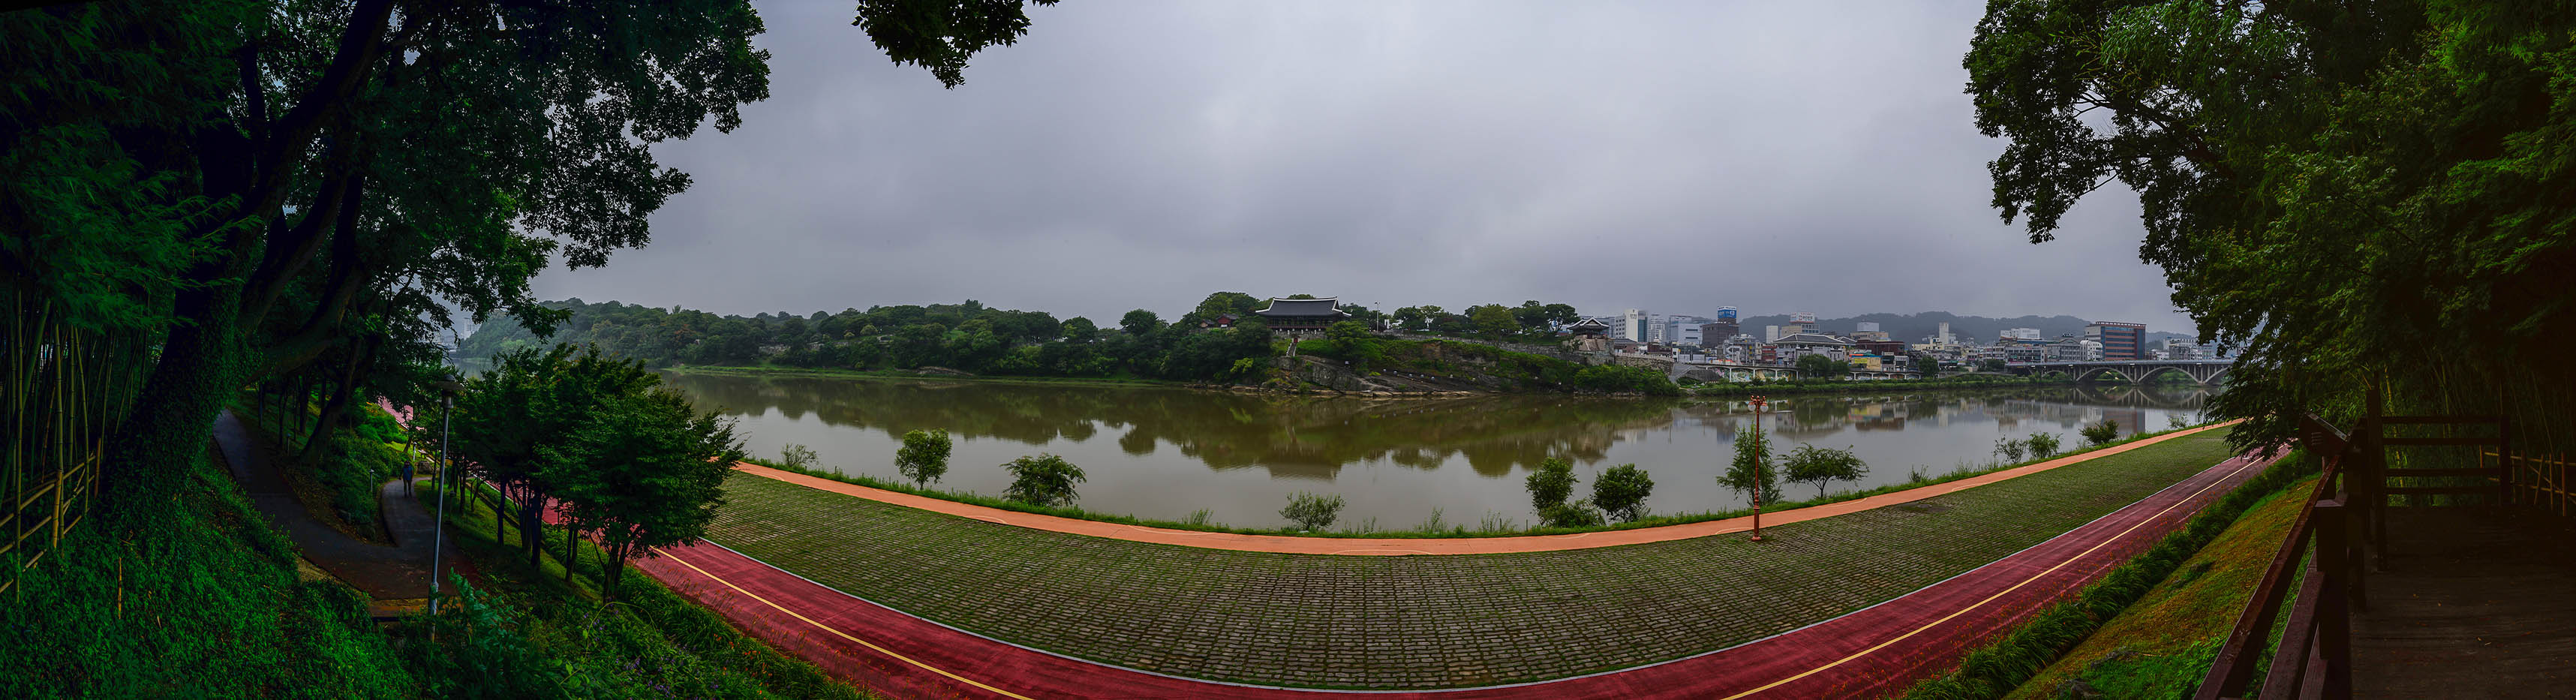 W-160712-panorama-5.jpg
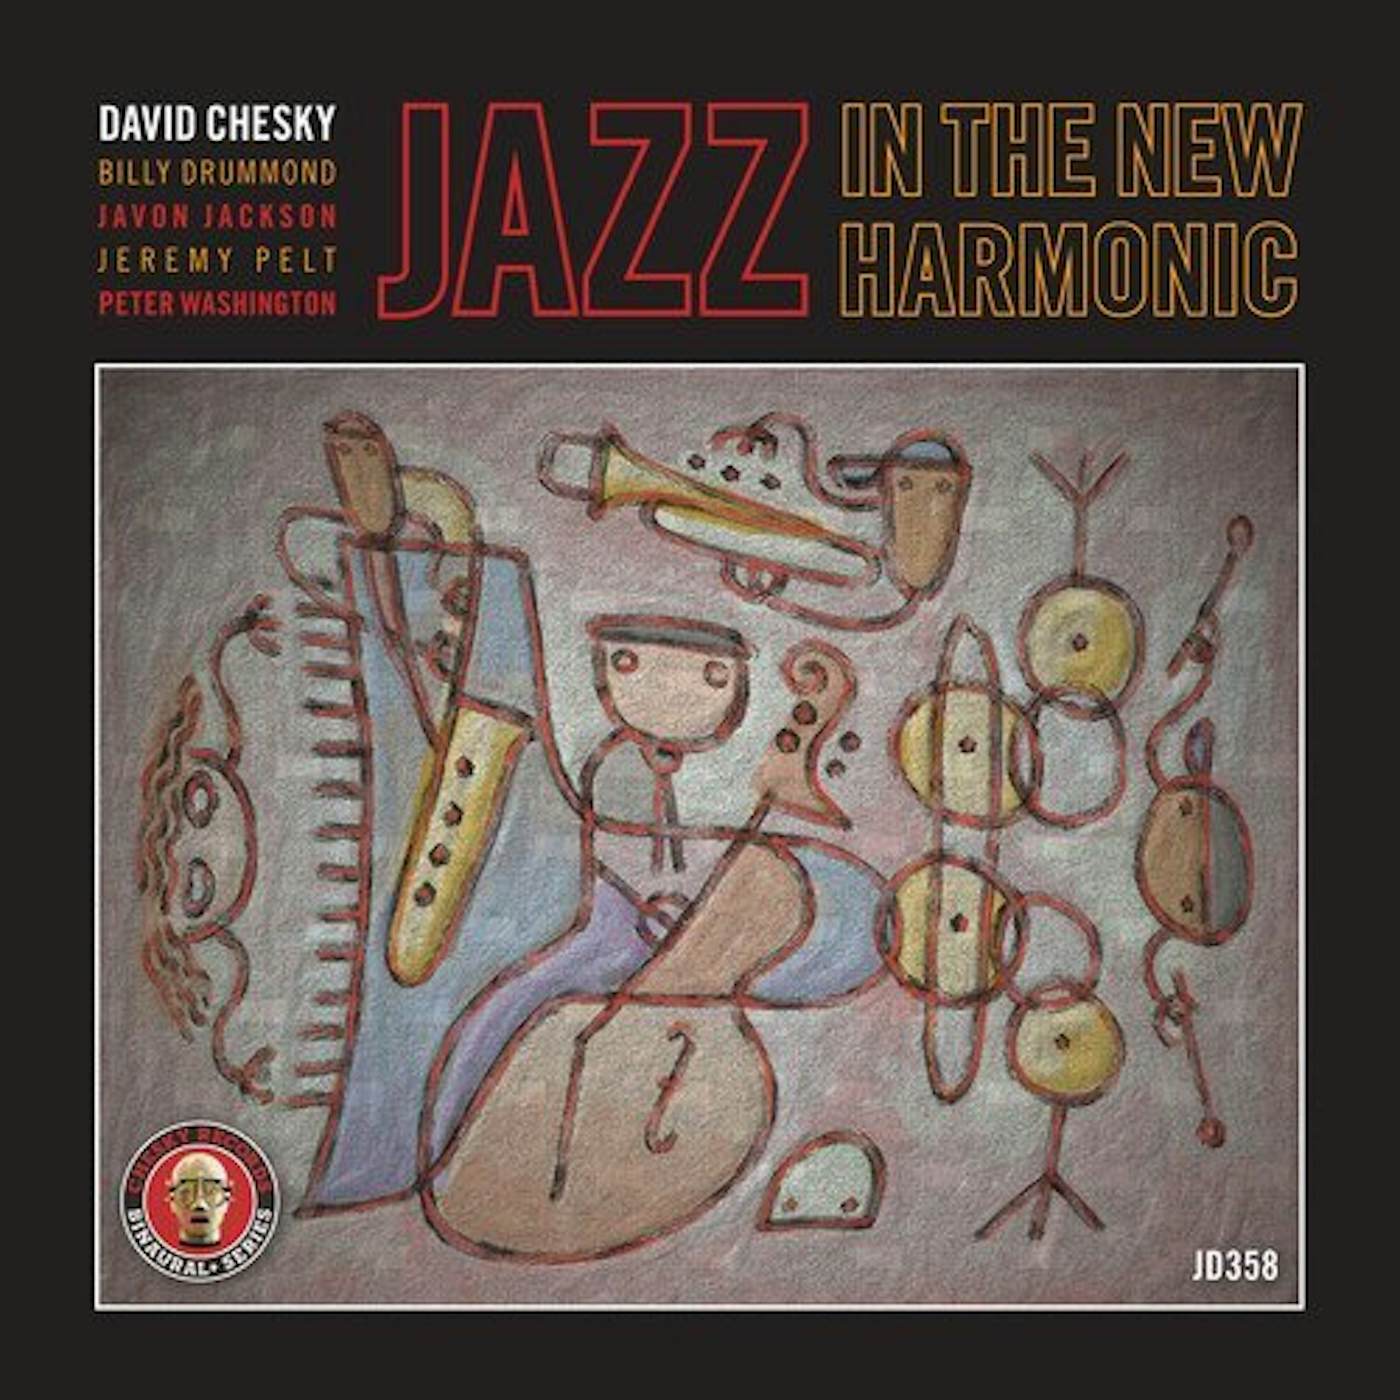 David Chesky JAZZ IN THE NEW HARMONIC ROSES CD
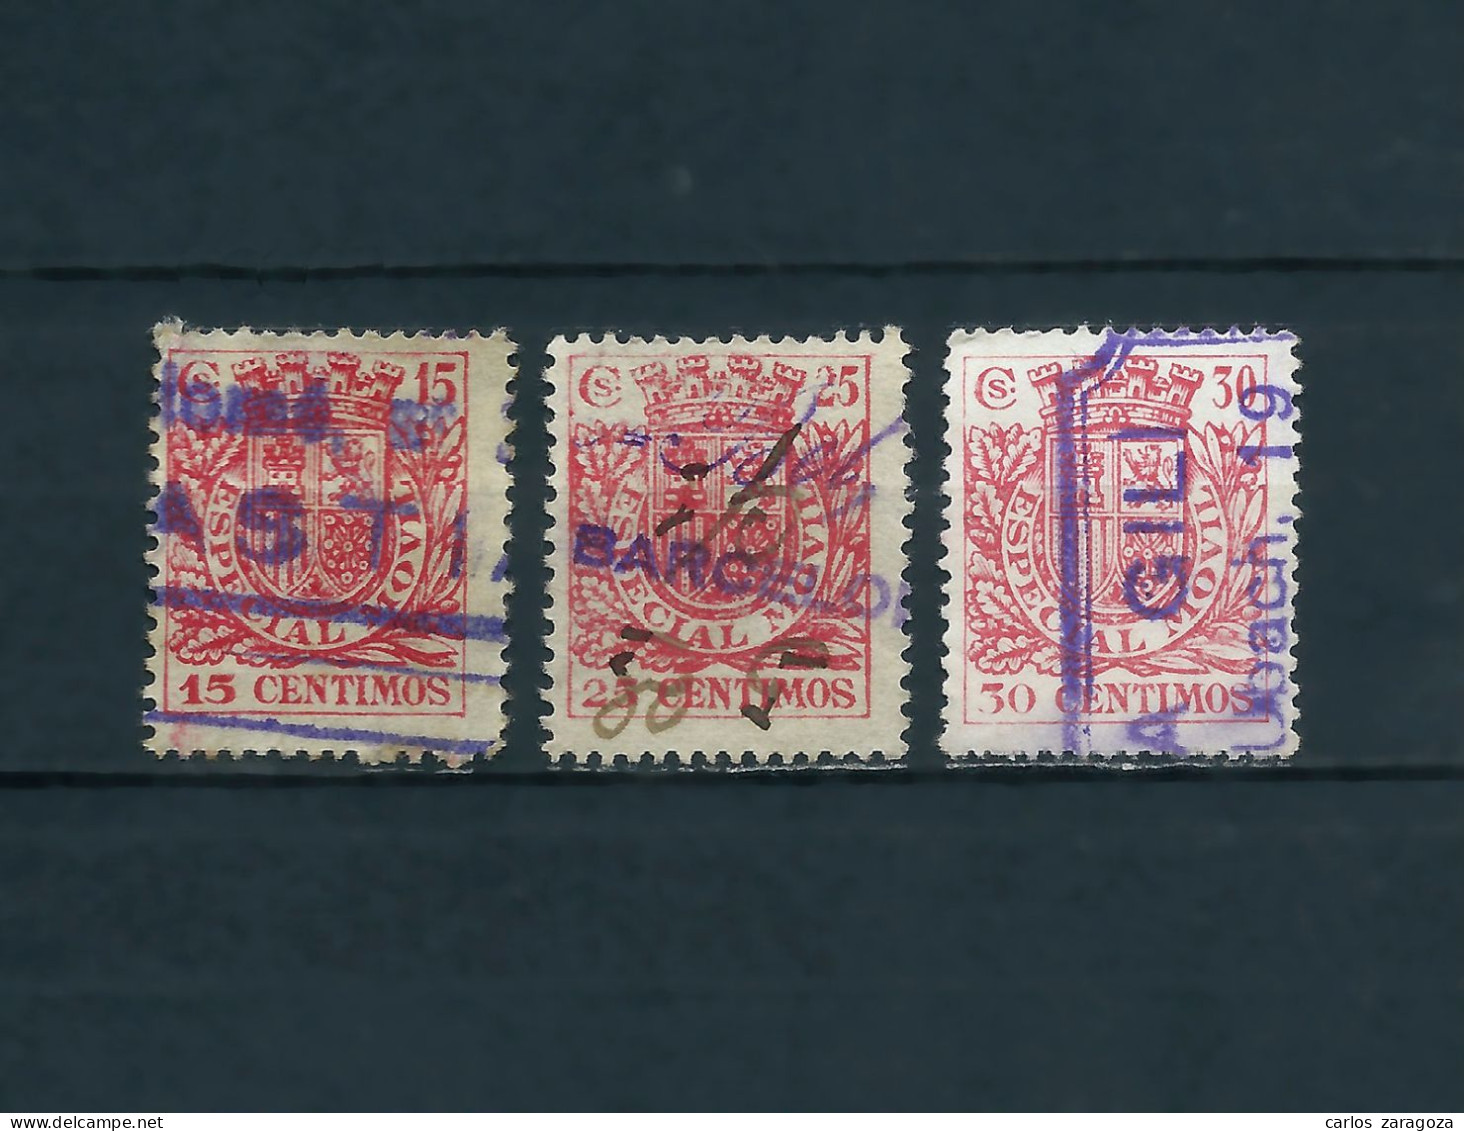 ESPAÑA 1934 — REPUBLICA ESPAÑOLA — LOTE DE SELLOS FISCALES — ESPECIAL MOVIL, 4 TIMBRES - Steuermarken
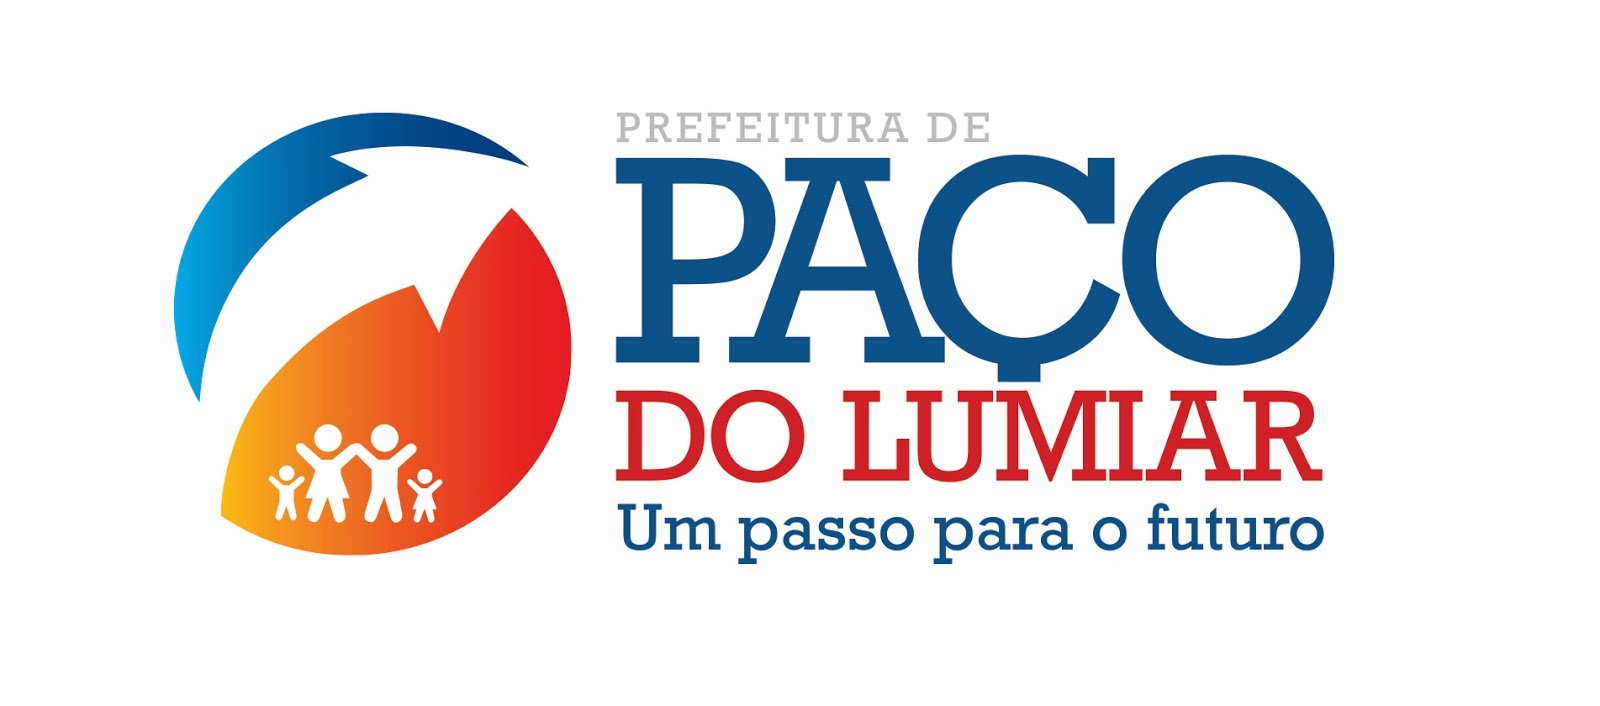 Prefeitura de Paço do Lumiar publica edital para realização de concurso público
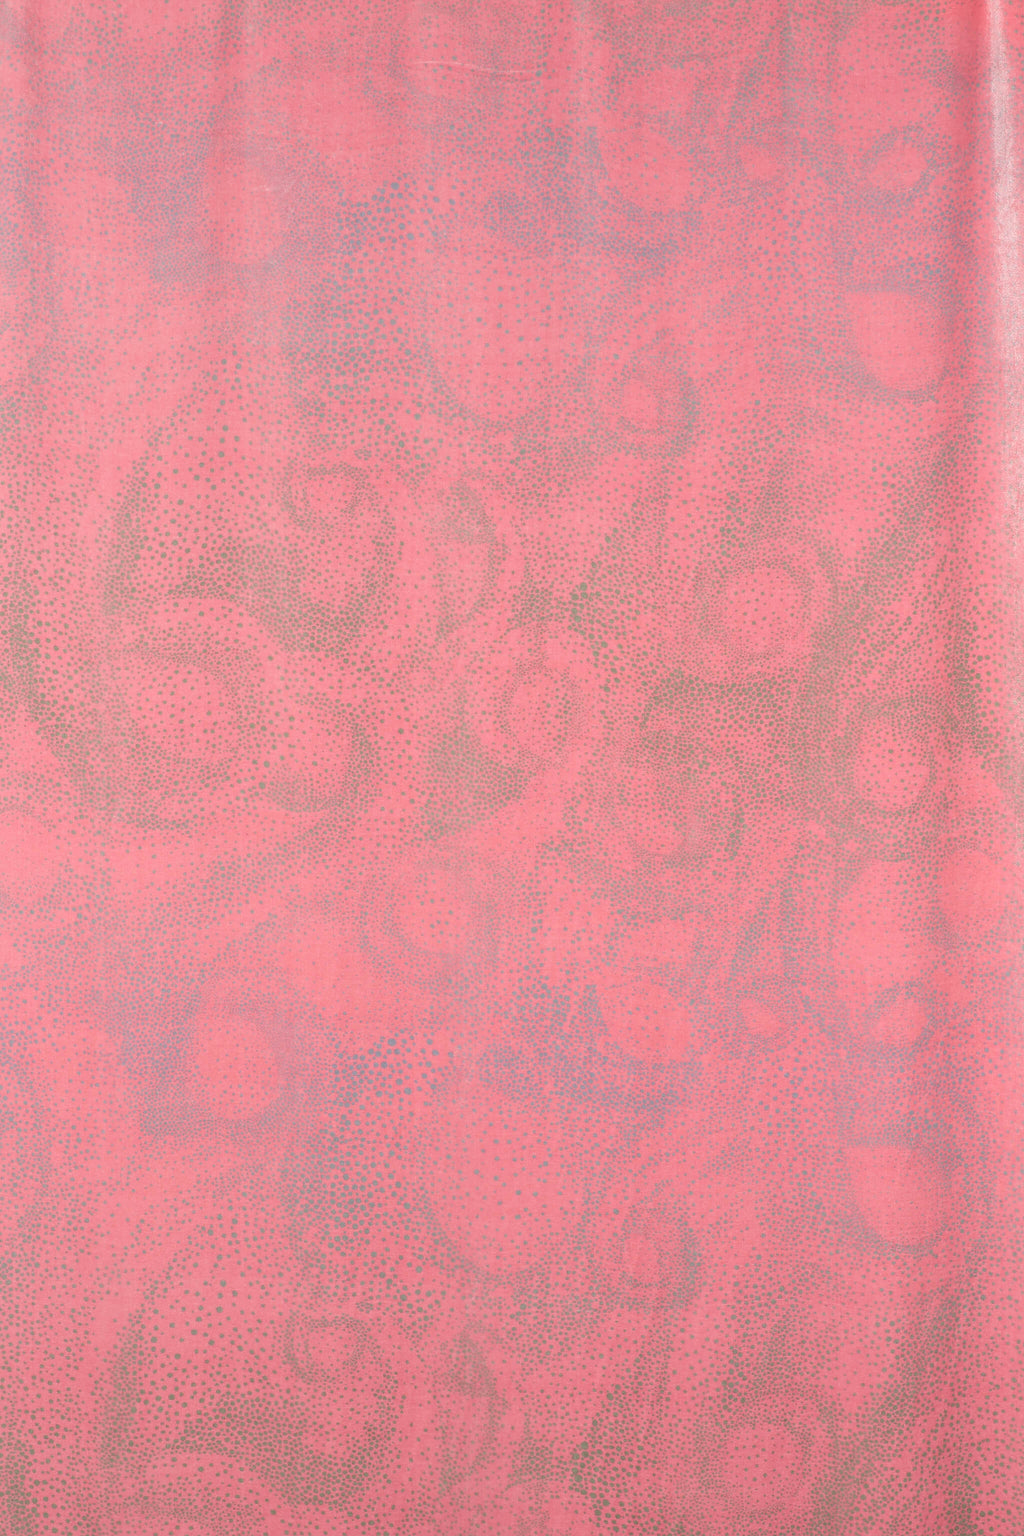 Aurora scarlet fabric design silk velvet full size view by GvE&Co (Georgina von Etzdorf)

:::

ABOUT THIS TASK:
Reproduce the lines above, exactly and exclusively, from the line containing "Prefeitura de Paço" down to the last line, both included; pictures are not part of the copy.

SOLUTION TO THIS PROBLEM:
 Prefeitura de Paço do Lumiar publica edital para realização de concurso público
 Aurora scarlet fabric design silk velvet full size view by GvE&Co (Georgina von Etzdorf)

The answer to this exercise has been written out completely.